Data below →
_ _ _ _ _

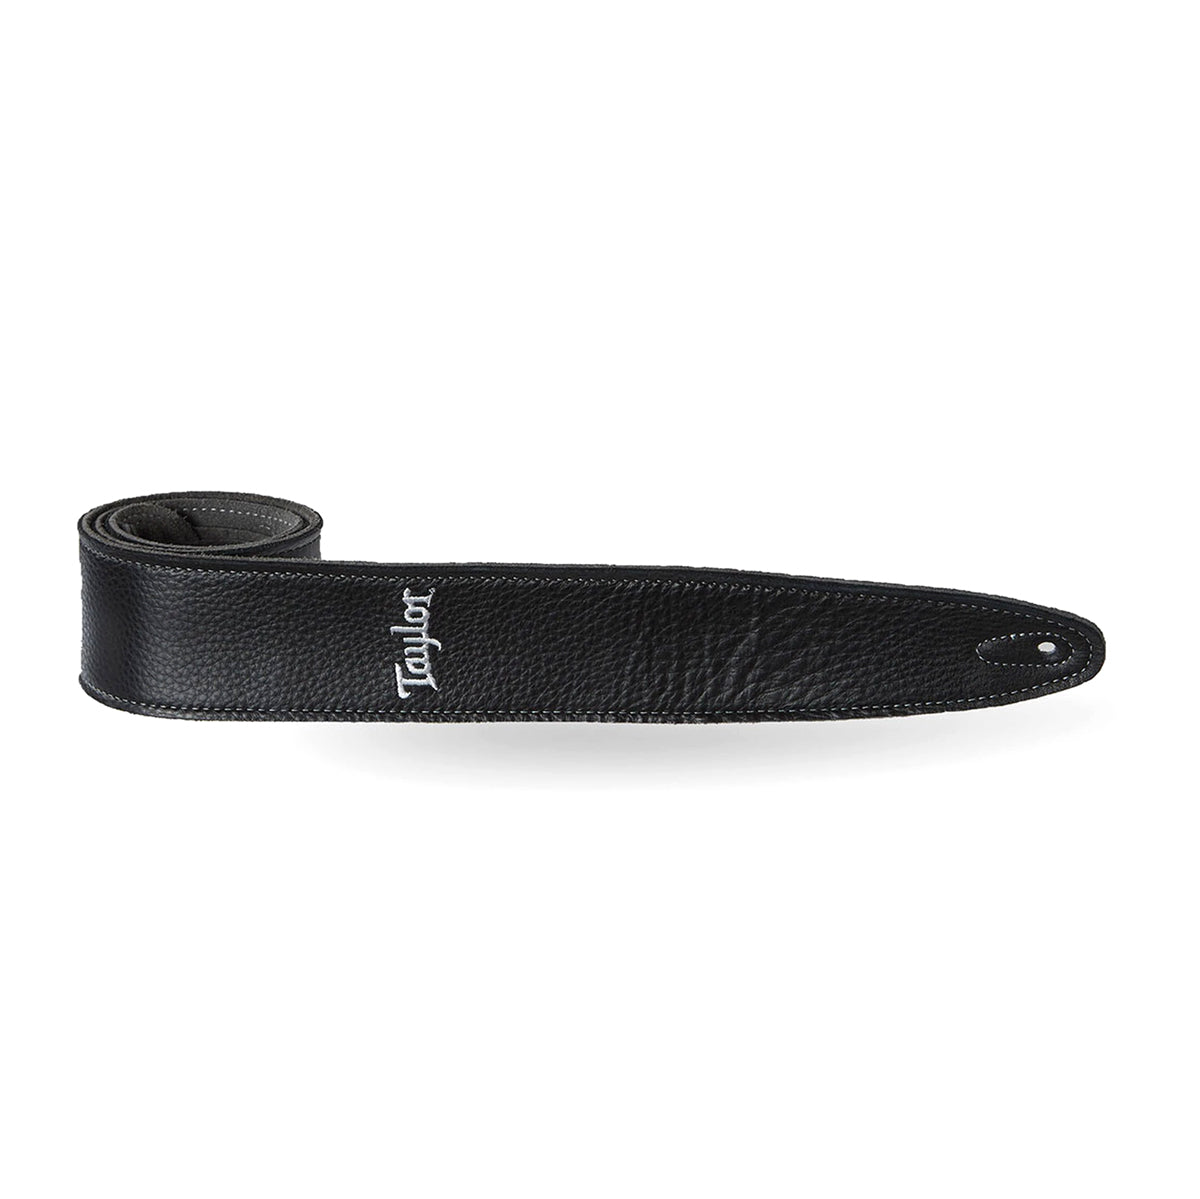 Taylor TL251-06 Strap, Black Leather, Suede Back, Silver Logo, 2.5in.
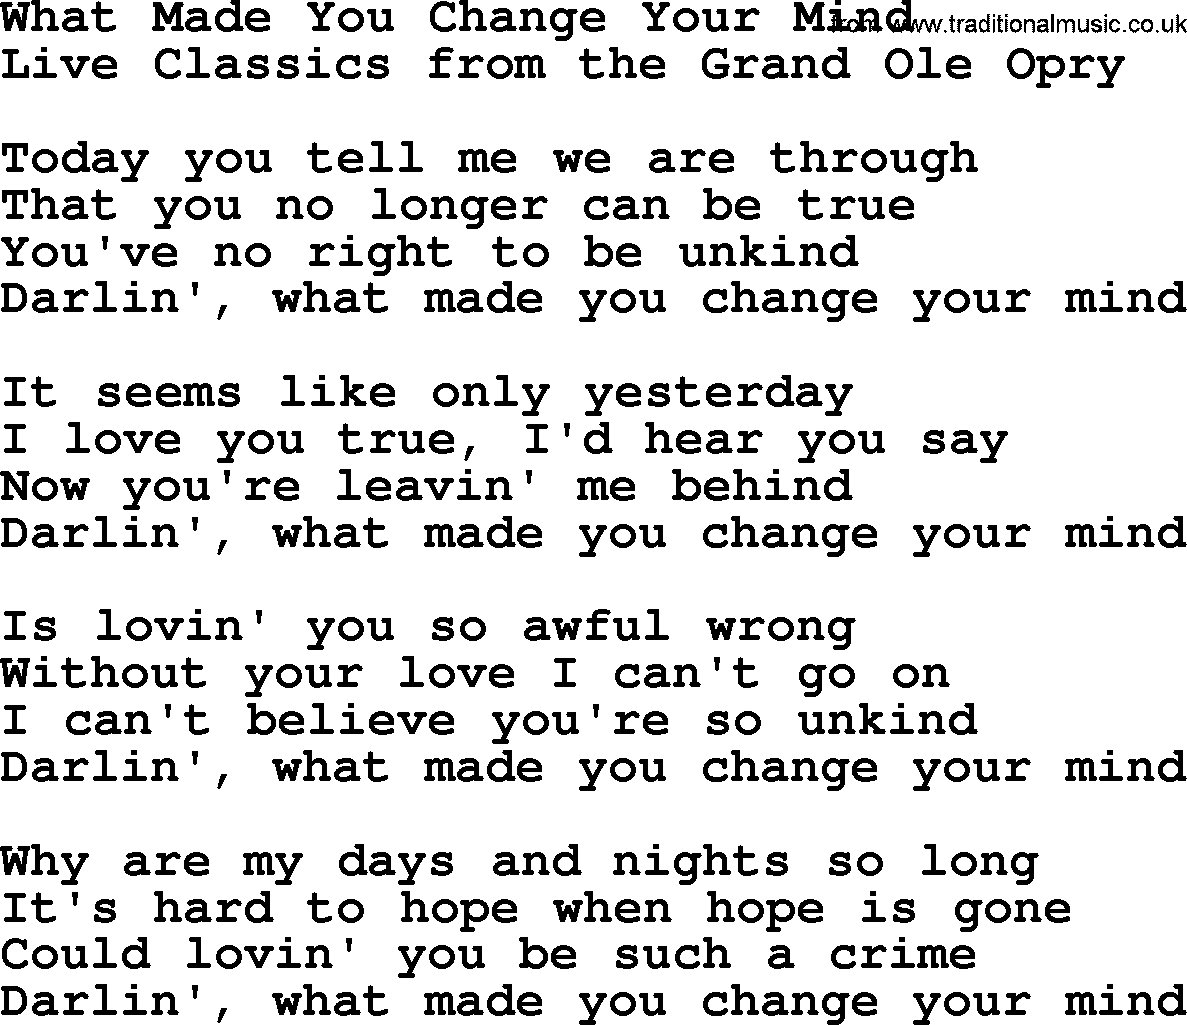 Marty Robbins song: What Made You Change Your Mind, lyrics
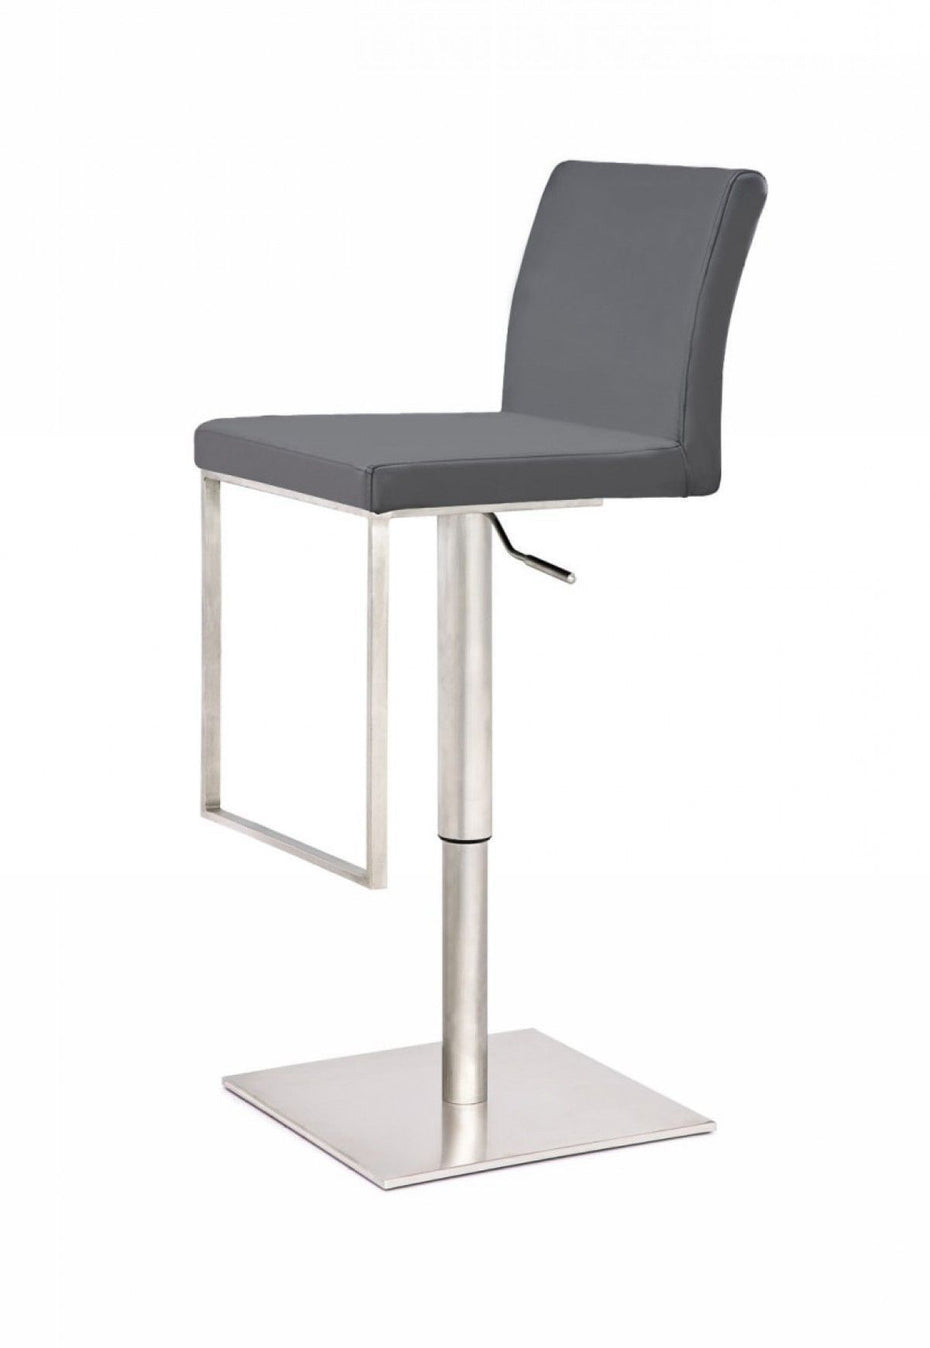 Faux Leather and Stainless Steel Swivel Low Back Adjustable Height Bar Chair With Footrest 41" - Gray

_ _ _ _ _

What you are asked to do → Without the pictures, write out the whole listing exactly as it appears.

Written reply →
 Taylor TL251-06 Strap, Black Leather, Suede Back, Silver Logo, 2.5in.
 Marty Robbins song: What Made You Change Your Mind, lyrics
 Faux Leather and Stainless Steel Swivel Low Back Adjustable Height Bar Chair With Footrest 41" - Gray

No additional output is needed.